Work required – Return each line of the data below verbatim; pictures are to be left out.

Recorded information –

===

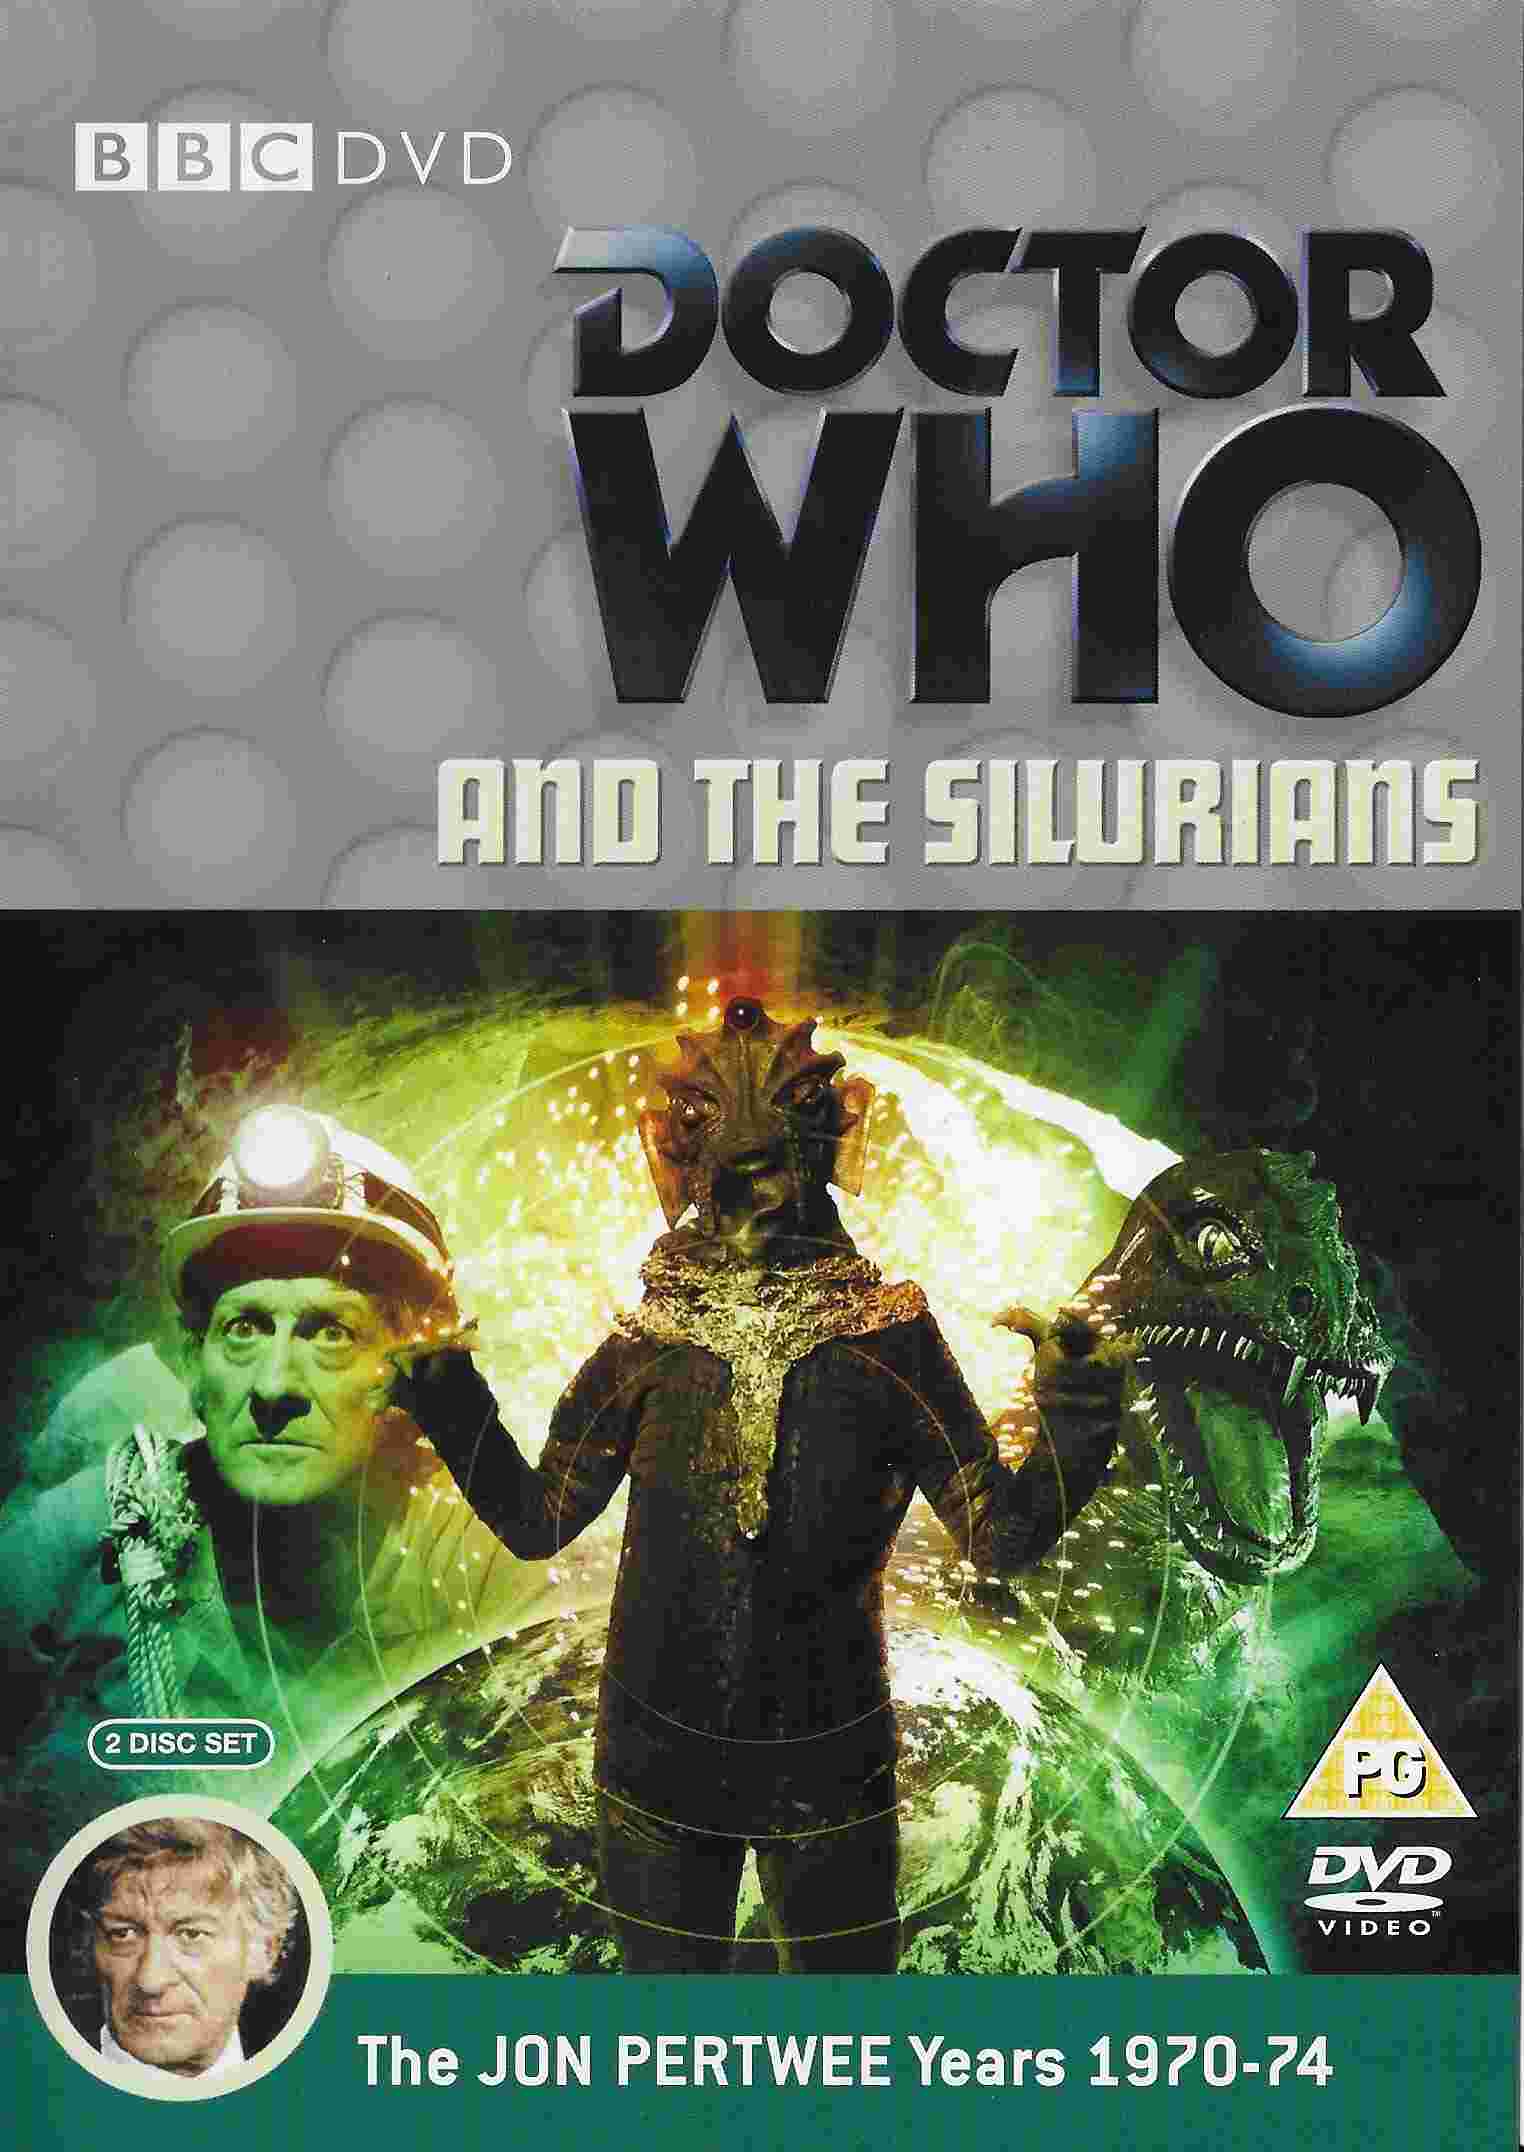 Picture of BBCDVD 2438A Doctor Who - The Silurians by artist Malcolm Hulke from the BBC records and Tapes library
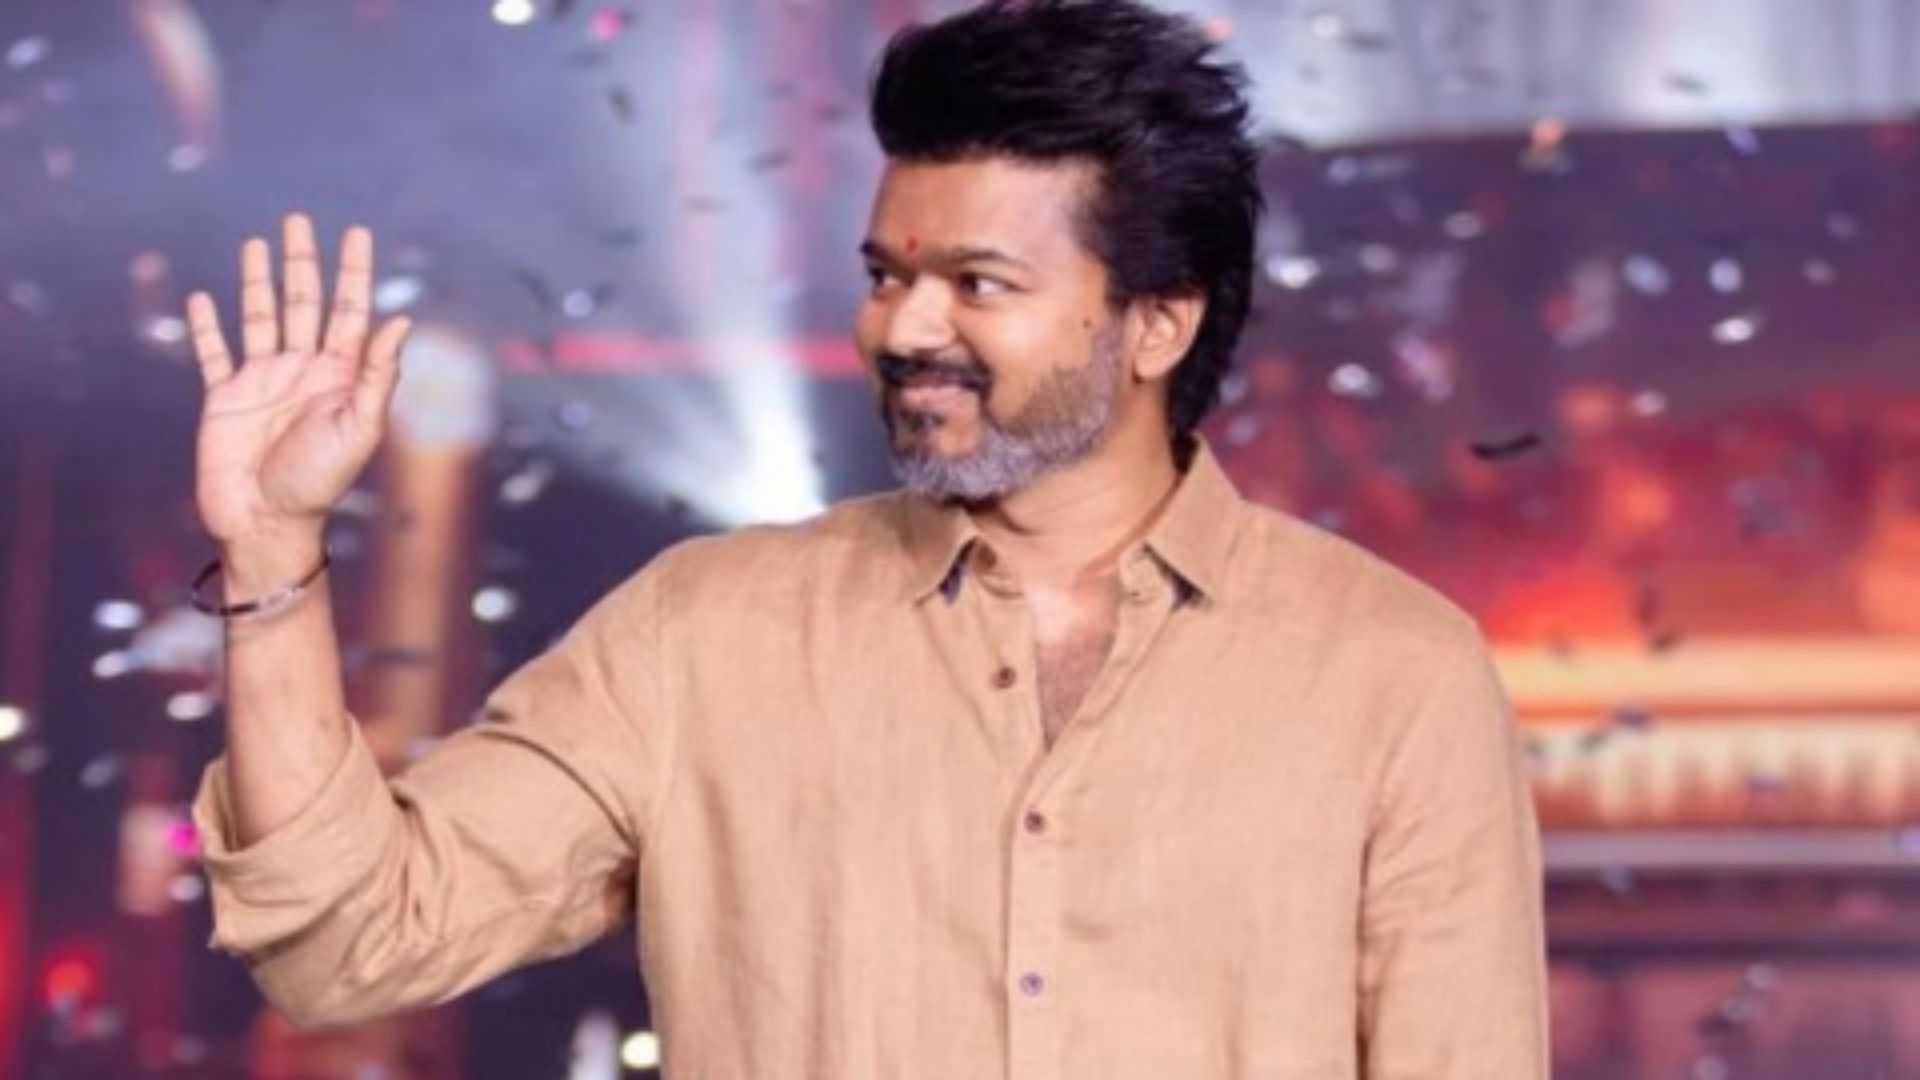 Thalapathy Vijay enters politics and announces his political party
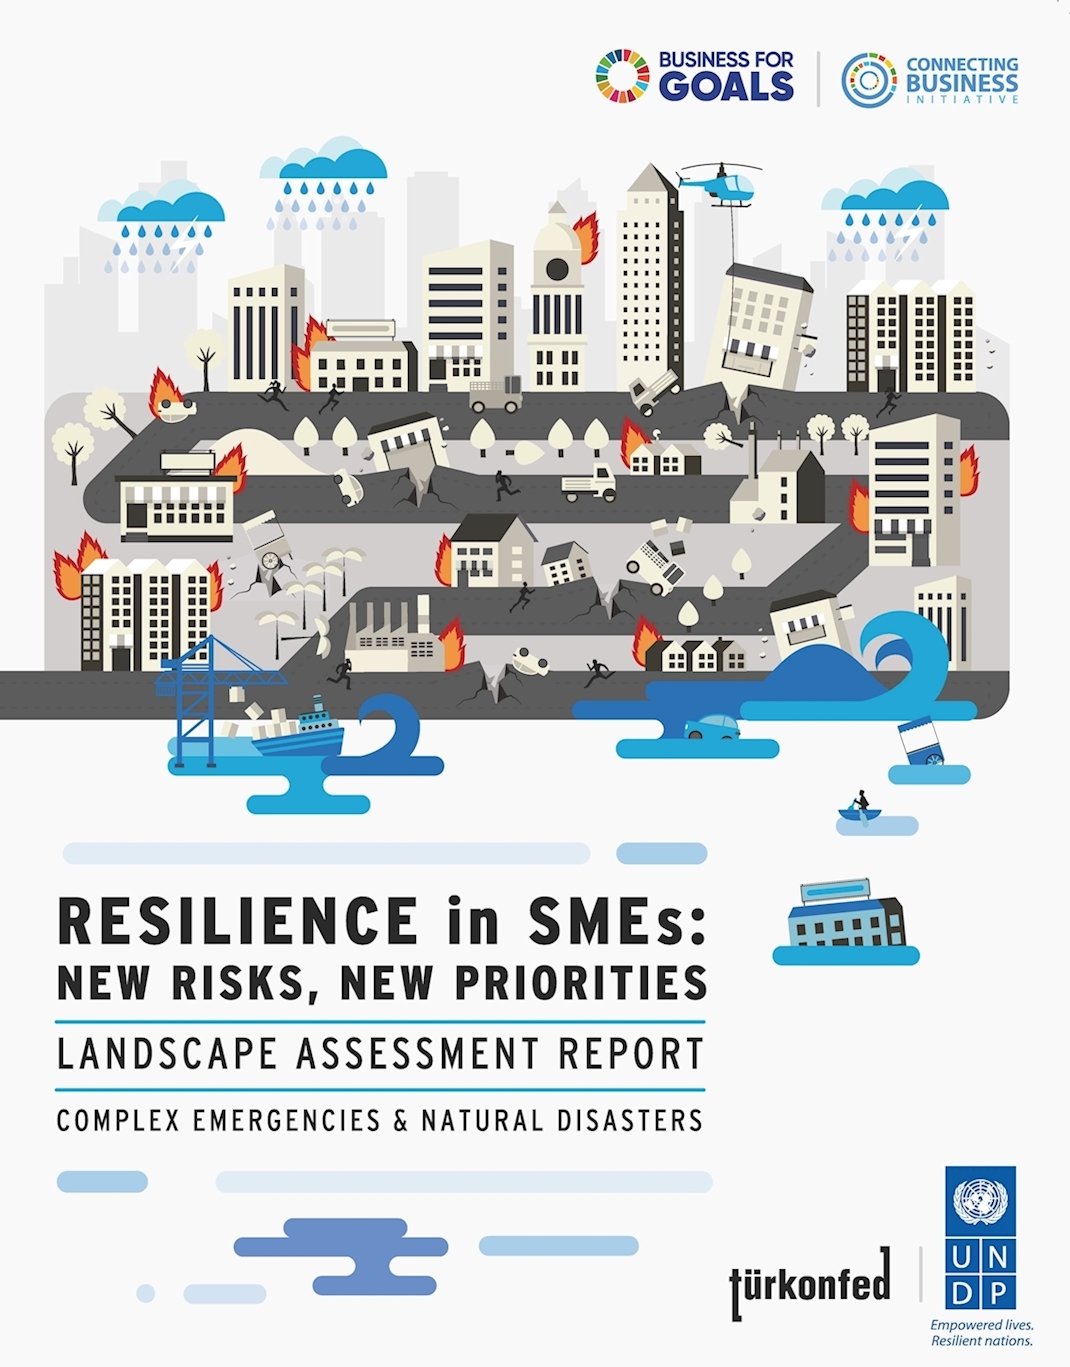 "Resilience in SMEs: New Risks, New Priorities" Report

===

Task response –
 Picture of BBCDVD 2438A Doctor Who - The Silurians by artist Malcolm Hulke from the BBC records and Tapes library
 Thalapathy Vijay enters politics and announces his political party
 "Resilience in SMEs: New Risks, New Priorities" Report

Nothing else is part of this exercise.